Work instruction:
Give the number of lines in the data below where the string "manual" occurs, and nothing else.

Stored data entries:
- - -

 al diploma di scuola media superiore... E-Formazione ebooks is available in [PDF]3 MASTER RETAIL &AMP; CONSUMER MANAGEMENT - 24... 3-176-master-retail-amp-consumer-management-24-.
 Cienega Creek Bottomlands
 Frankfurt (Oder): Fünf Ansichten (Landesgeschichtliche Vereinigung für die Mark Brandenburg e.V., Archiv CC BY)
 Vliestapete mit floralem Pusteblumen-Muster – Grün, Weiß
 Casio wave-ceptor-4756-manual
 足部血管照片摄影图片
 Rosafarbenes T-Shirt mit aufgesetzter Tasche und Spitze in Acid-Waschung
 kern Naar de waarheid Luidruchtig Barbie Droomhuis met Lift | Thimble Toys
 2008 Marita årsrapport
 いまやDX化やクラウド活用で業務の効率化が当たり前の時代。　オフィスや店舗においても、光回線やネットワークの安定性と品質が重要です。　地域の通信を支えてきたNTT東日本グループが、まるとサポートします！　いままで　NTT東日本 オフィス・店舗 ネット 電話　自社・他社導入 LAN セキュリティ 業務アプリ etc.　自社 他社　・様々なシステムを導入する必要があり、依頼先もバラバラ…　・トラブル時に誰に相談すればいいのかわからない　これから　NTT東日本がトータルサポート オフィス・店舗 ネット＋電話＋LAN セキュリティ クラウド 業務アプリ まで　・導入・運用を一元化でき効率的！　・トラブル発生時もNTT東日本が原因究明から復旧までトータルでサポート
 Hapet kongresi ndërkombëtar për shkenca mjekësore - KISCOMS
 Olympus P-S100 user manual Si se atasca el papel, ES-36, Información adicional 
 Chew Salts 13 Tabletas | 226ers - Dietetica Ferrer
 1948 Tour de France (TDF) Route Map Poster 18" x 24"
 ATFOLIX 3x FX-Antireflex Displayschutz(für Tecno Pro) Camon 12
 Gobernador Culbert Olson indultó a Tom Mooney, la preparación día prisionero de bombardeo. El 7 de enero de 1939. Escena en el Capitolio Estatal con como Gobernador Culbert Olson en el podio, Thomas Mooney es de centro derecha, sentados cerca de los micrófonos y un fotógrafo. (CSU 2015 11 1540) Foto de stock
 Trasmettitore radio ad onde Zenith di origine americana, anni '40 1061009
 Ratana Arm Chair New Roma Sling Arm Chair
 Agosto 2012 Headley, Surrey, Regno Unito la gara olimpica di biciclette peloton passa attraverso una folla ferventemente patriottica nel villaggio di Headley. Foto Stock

- - -

Task solution:
2